## Records provided
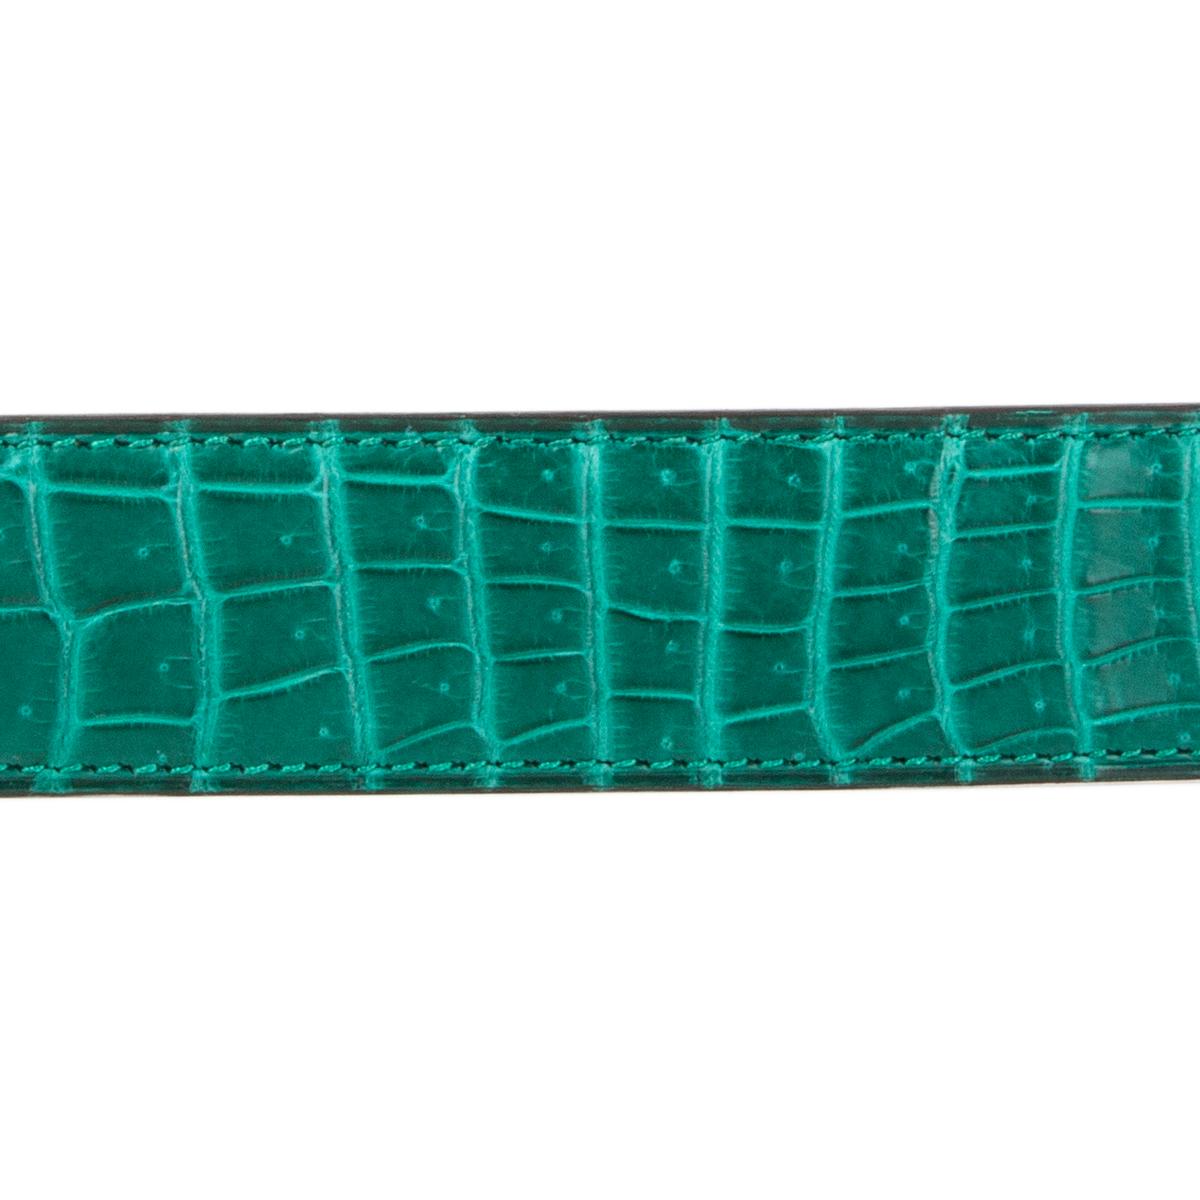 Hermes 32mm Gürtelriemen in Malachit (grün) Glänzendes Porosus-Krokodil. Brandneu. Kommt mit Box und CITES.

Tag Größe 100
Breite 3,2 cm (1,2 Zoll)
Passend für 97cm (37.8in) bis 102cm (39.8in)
* * *
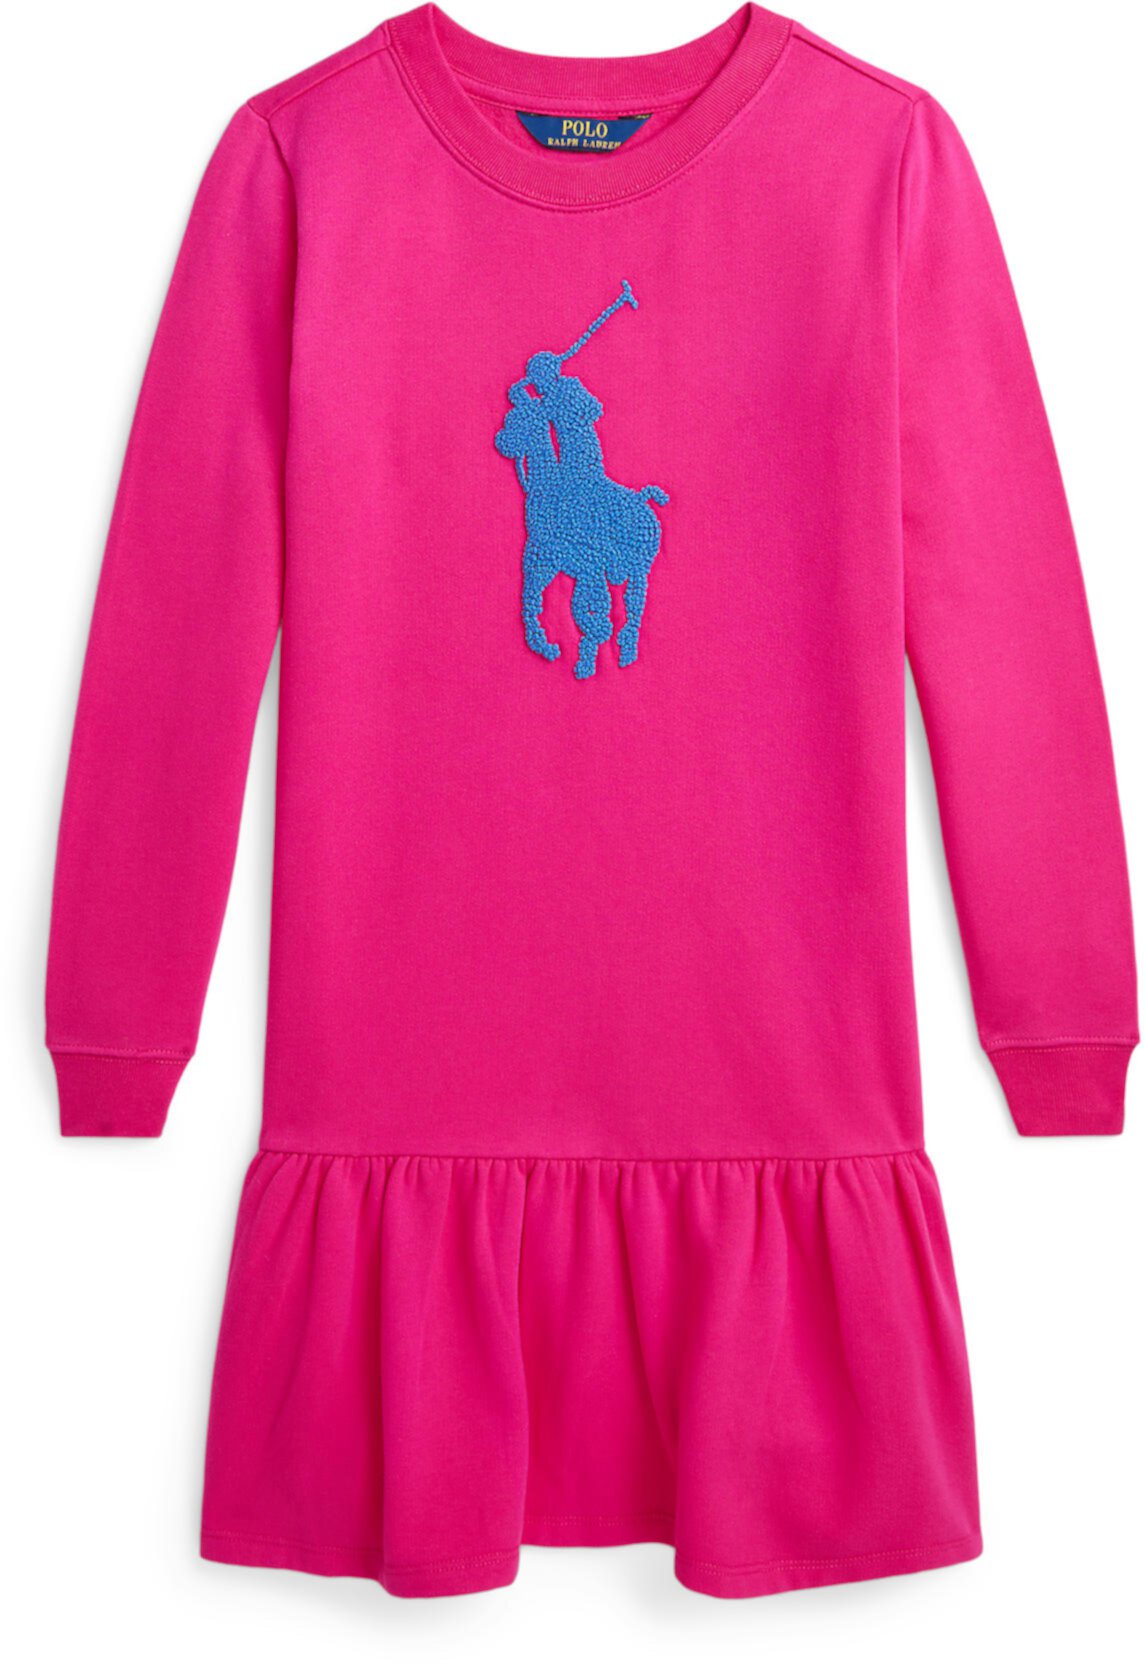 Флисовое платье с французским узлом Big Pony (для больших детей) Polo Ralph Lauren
==
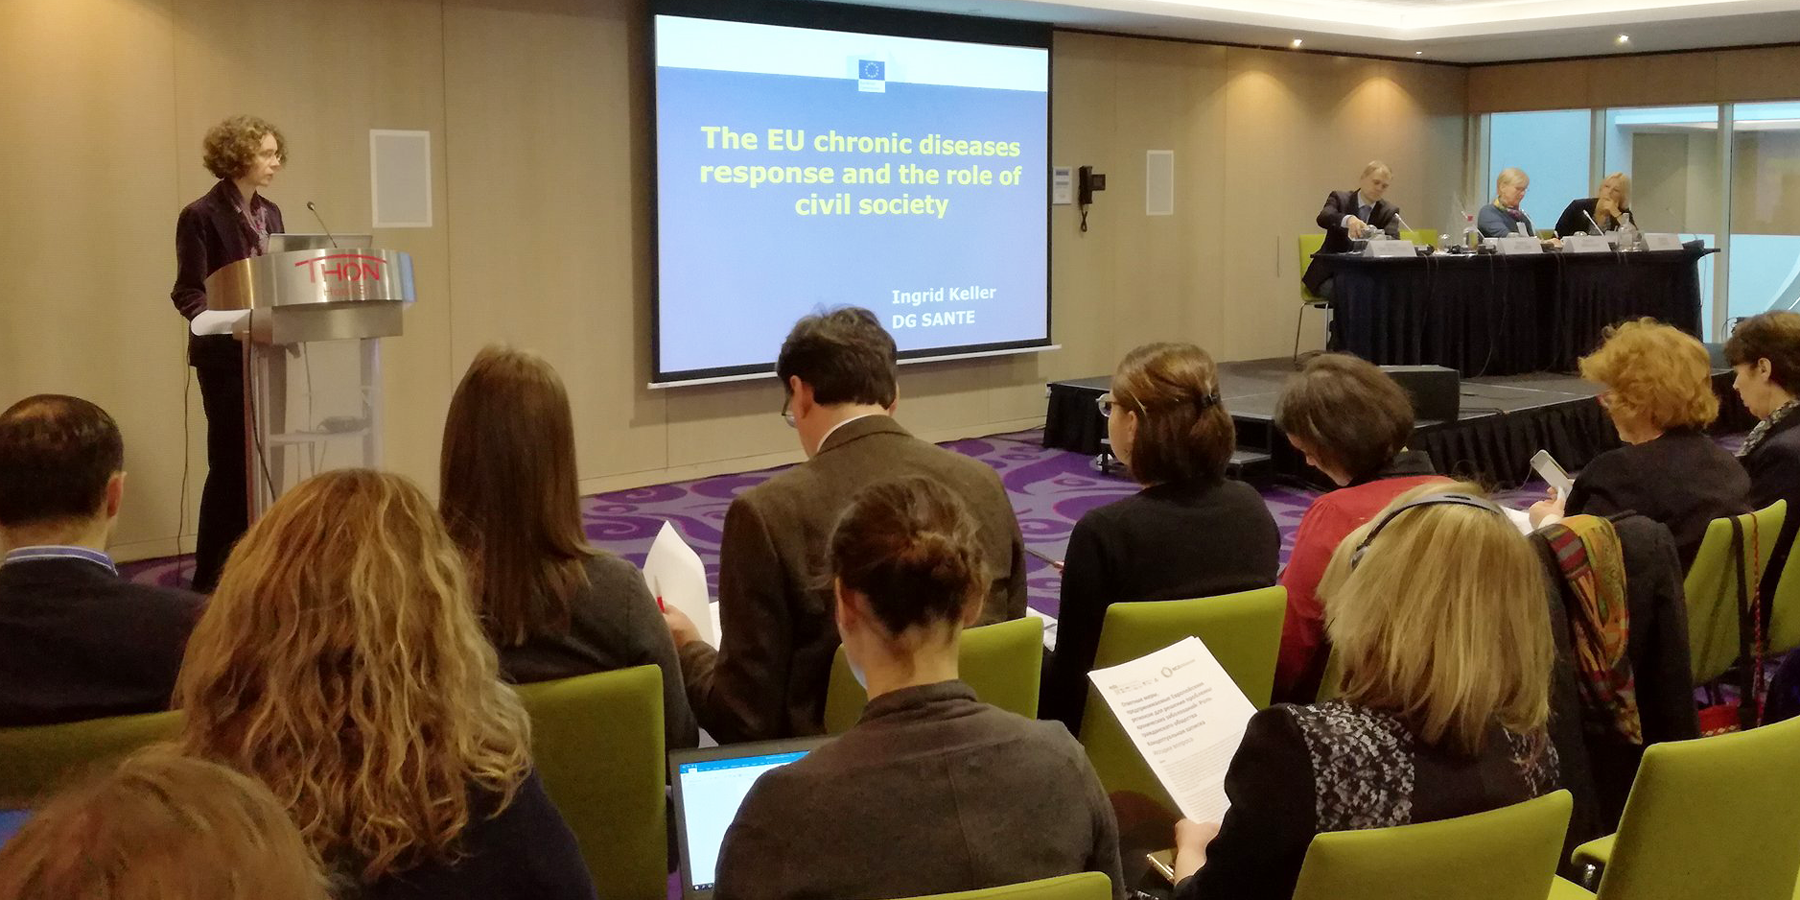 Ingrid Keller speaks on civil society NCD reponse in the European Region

## Instructions for the task
When you reach the line containing "Hermes 32mm Gürtelriemen" in the entries above, begin restating word for word, and stop once the line containing "Passend für 97cm (37.8in) bis 102cm (39.8in)" has been given. Omit the pictures.

## Completed task
 Hermes 32mm Gürtelriemen in Malachit (grün) Glänzendes Porosus-Krokodil. Brandneu. Kommt mit Box und CITES.

Tag Größe 100
Breite 3,2 cm (1,2 Zoll)
Passend für 97cm (37.8in) bis 102cm (39.8in)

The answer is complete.